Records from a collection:
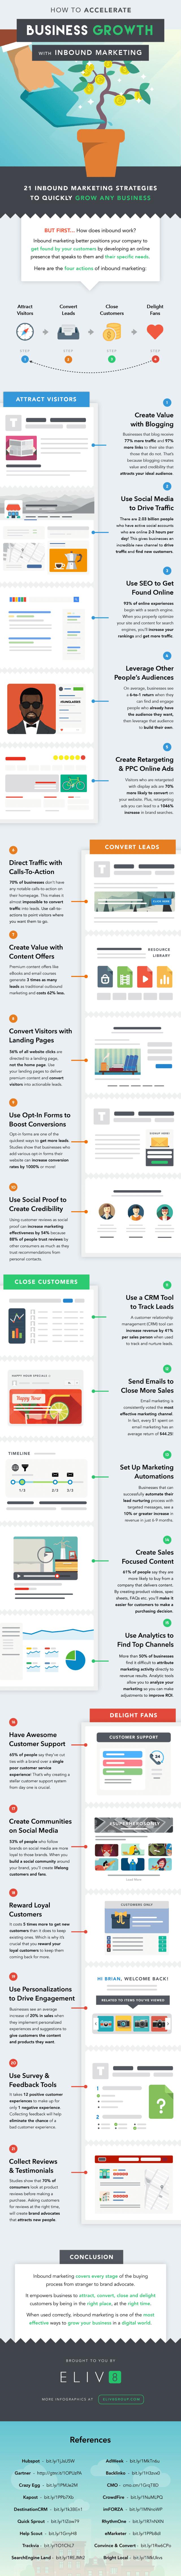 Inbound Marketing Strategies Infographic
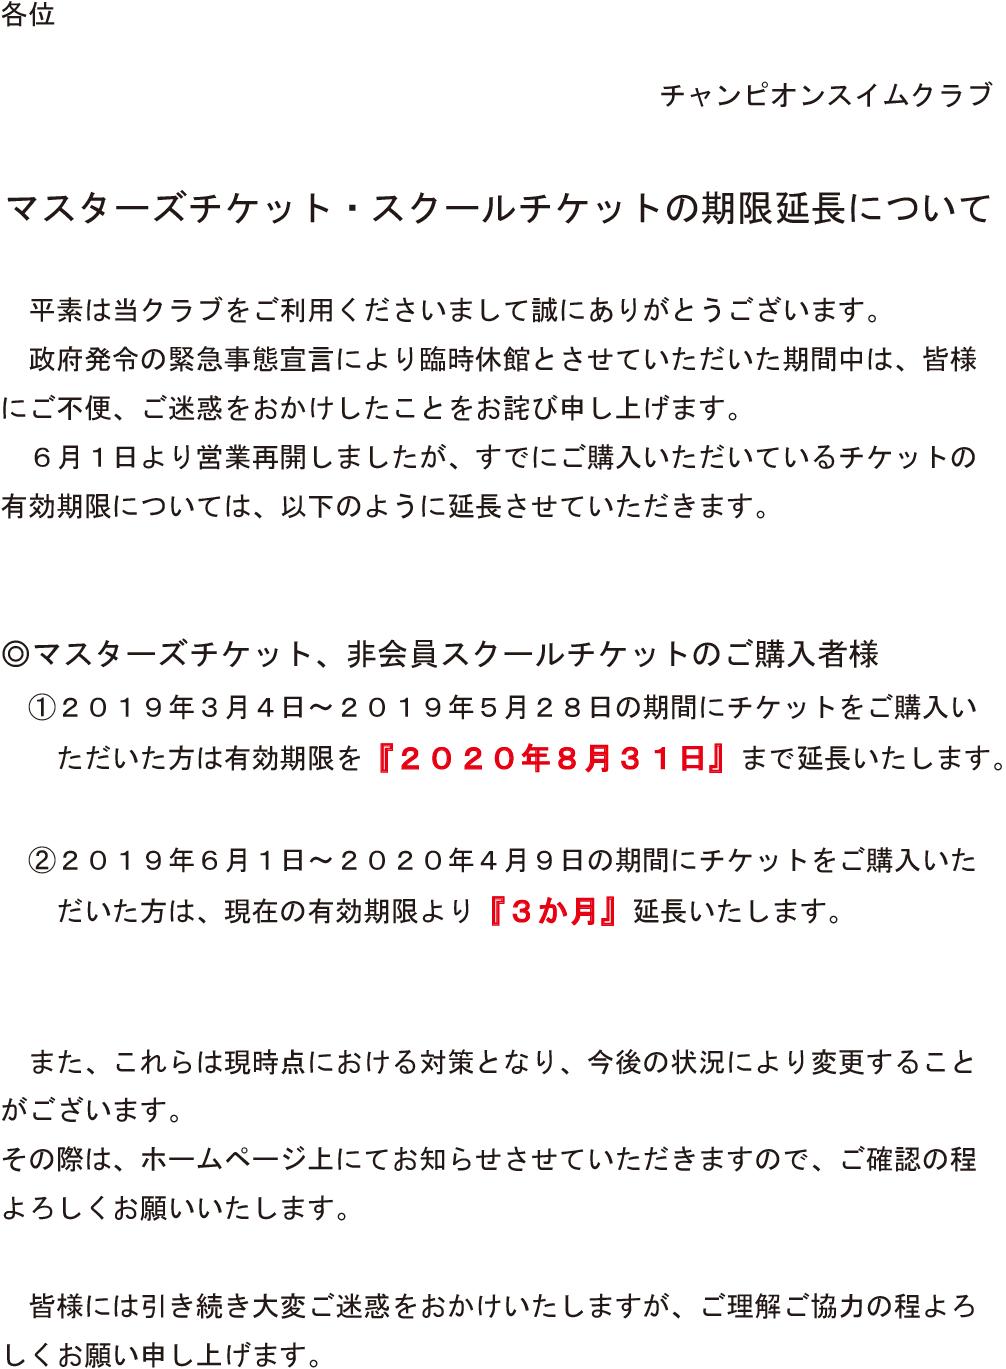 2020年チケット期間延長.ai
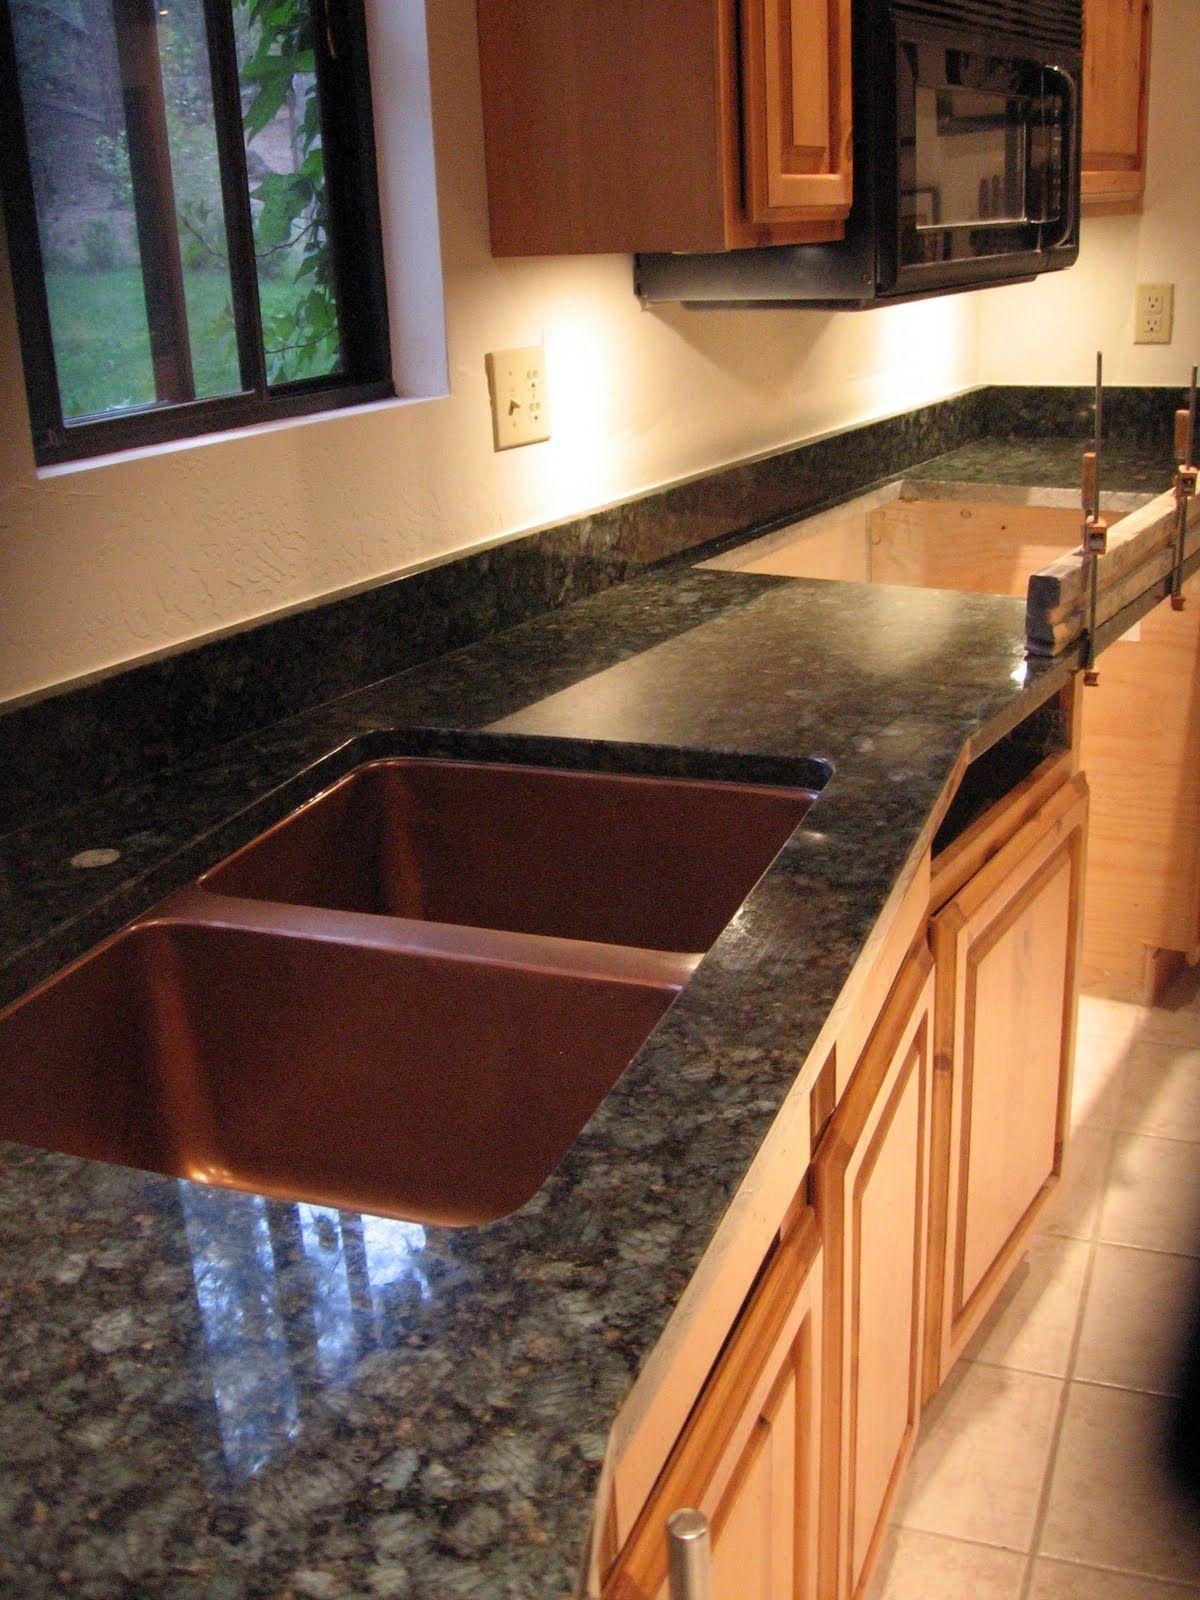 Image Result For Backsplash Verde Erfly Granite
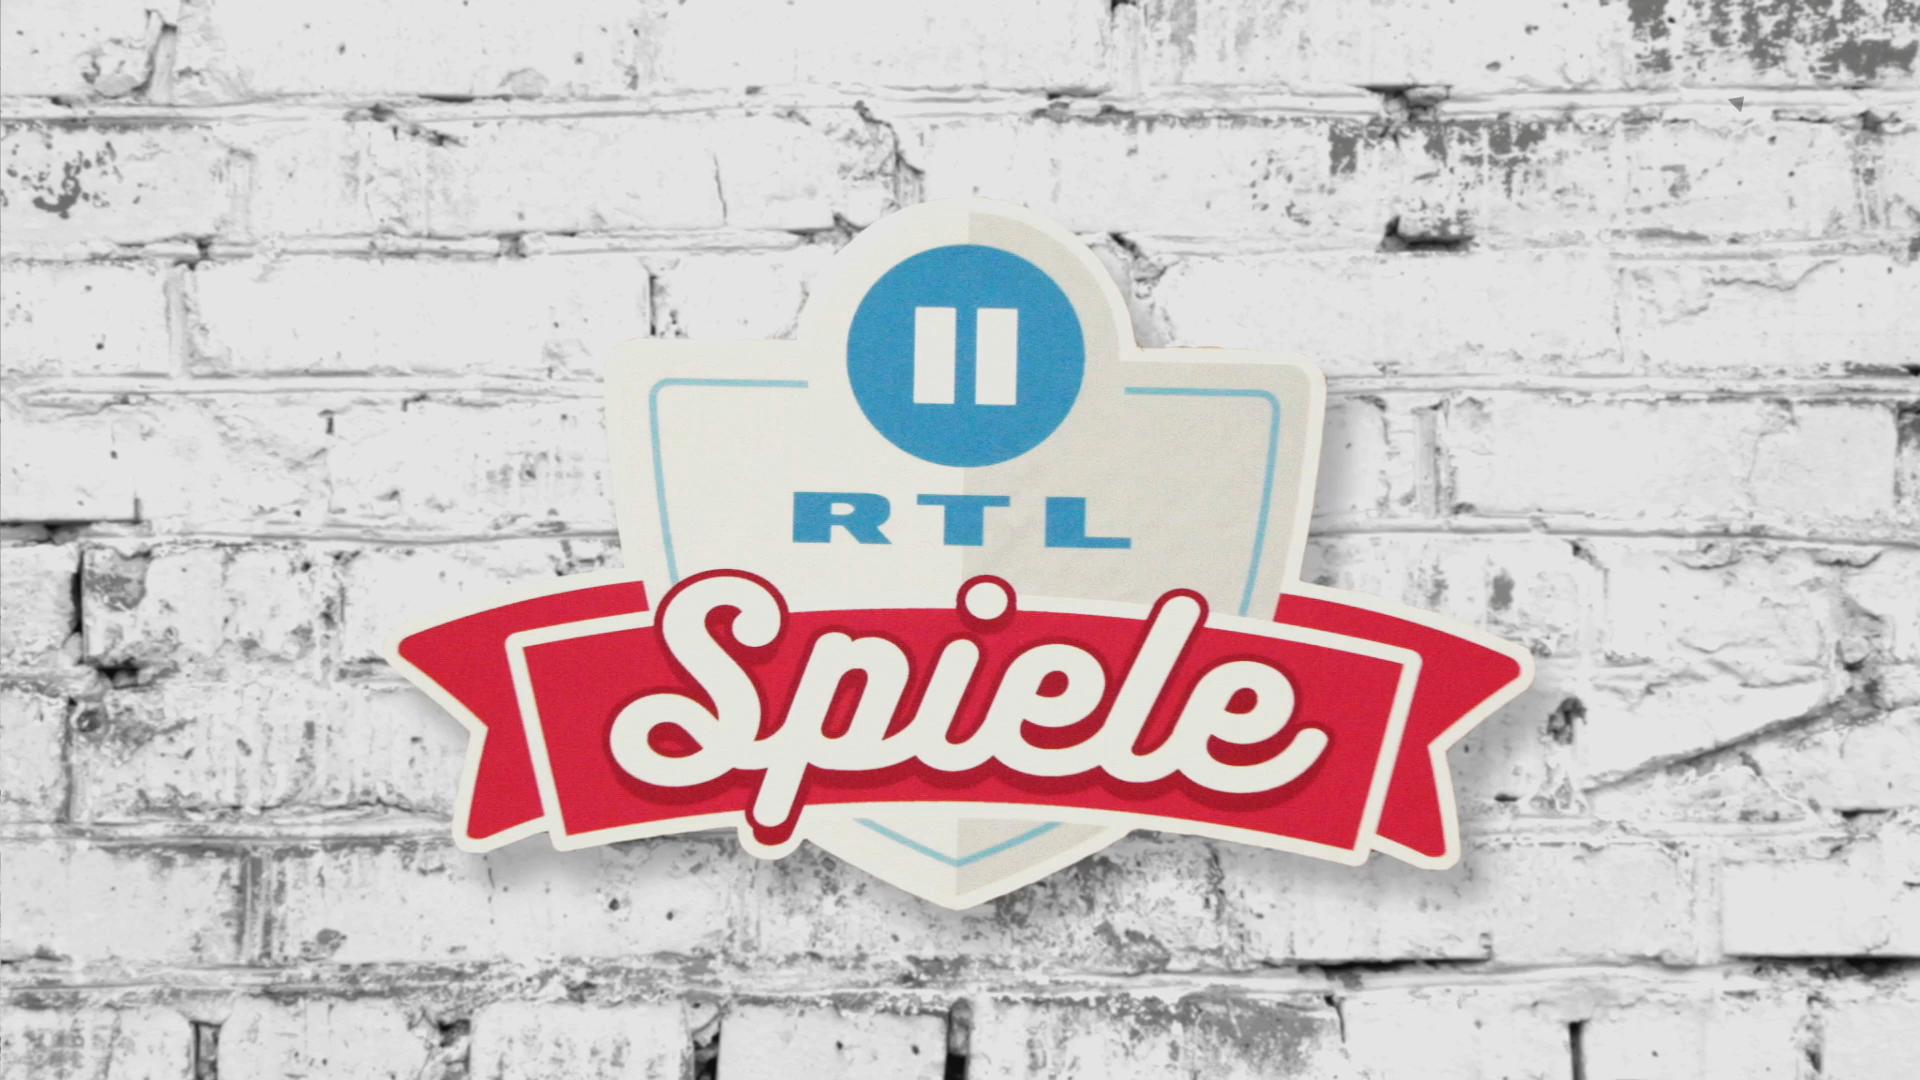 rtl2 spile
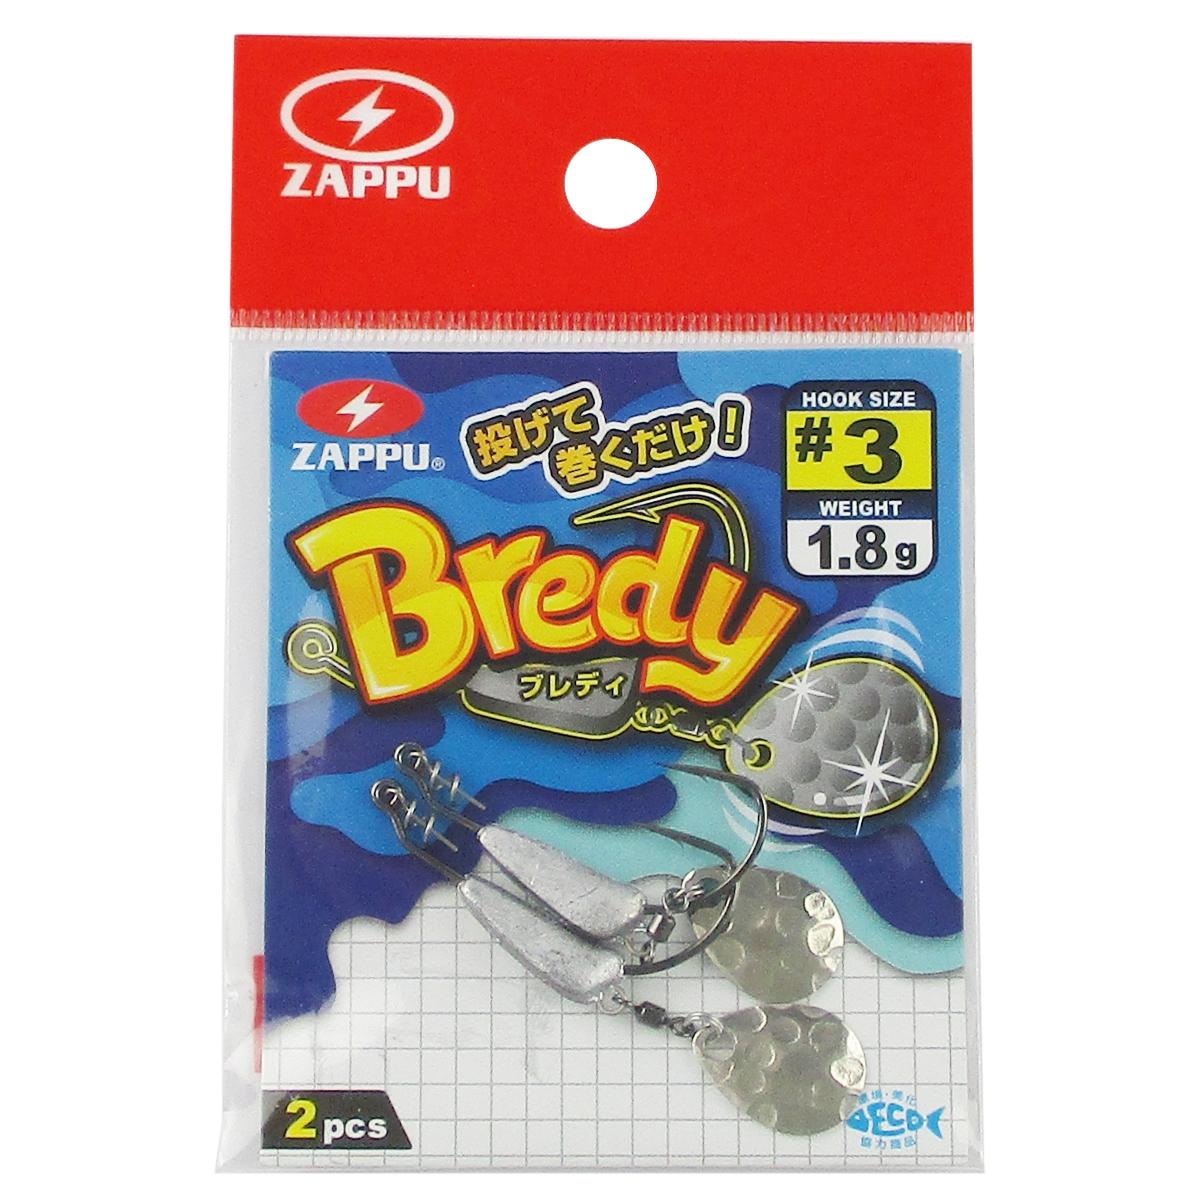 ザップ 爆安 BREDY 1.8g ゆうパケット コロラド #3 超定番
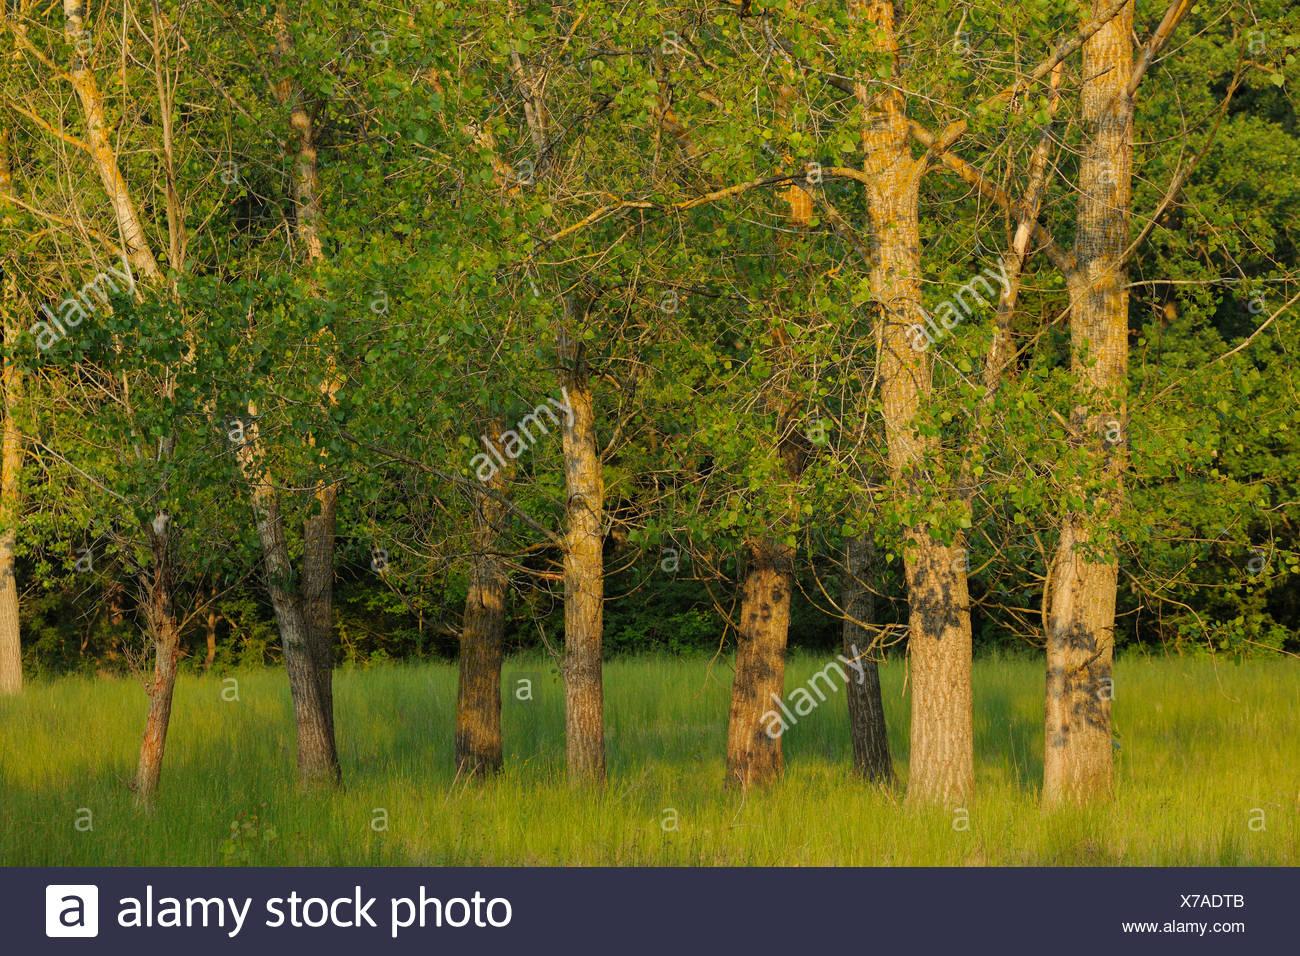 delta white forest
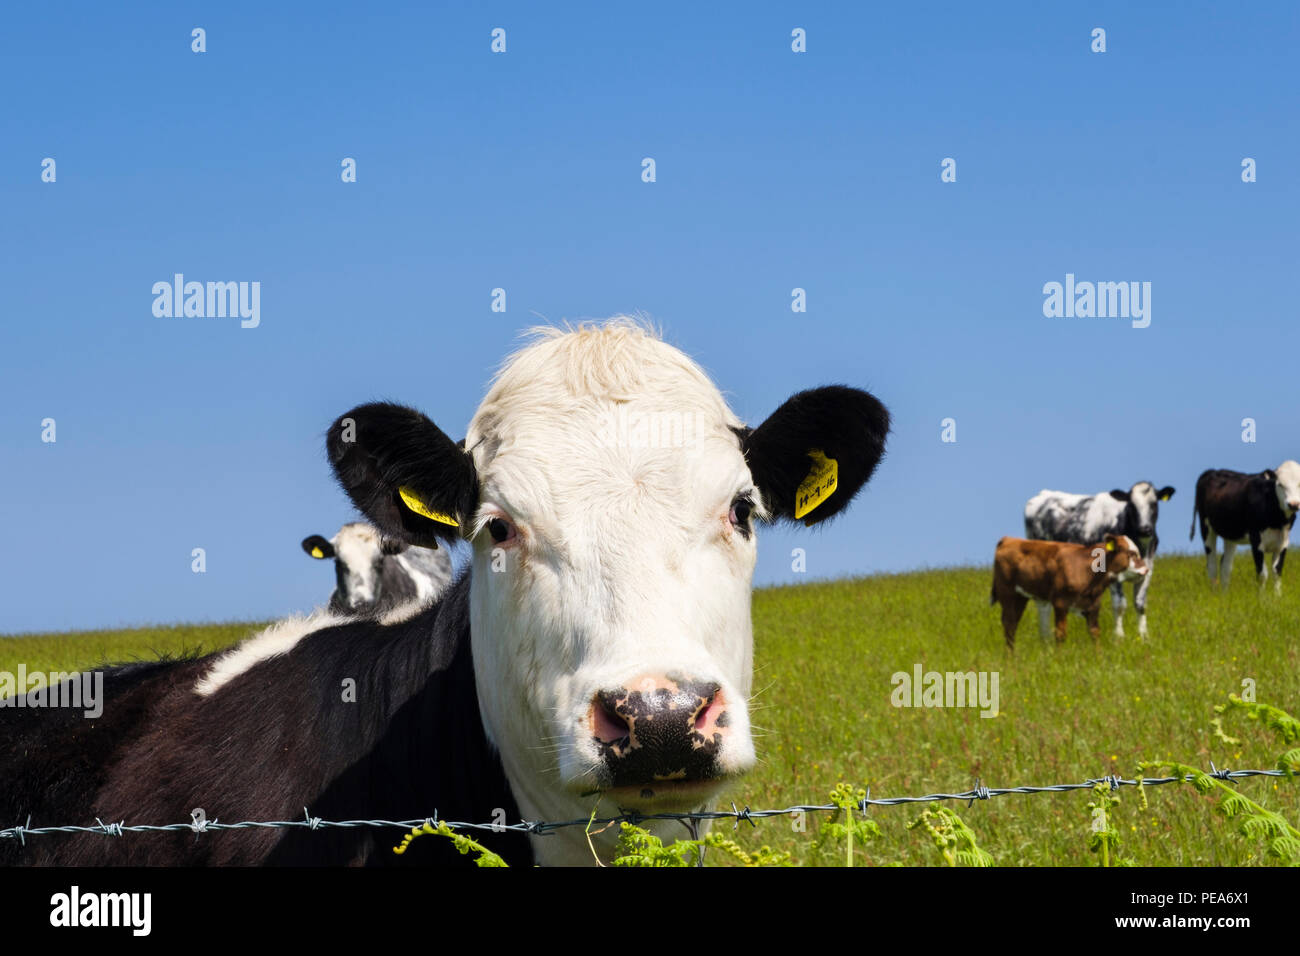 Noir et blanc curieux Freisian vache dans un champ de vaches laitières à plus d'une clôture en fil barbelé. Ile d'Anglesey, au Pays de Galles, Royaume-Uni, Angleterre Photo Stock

> Directions
Write out nothing but the lines from the one with "delta white forest" through the last line of the entries, exactly as they stand; pictures are not part of the copy.

> Solution to this exercise
 delta white forest
 Noir et blanc curieux Freisian vache dans un champ de vaches laitières à plus d'une clôture en fil barbelé. Ile d'Anglesey, au Pays de Galles, Royaume-Uni, Angleterre Photo Stock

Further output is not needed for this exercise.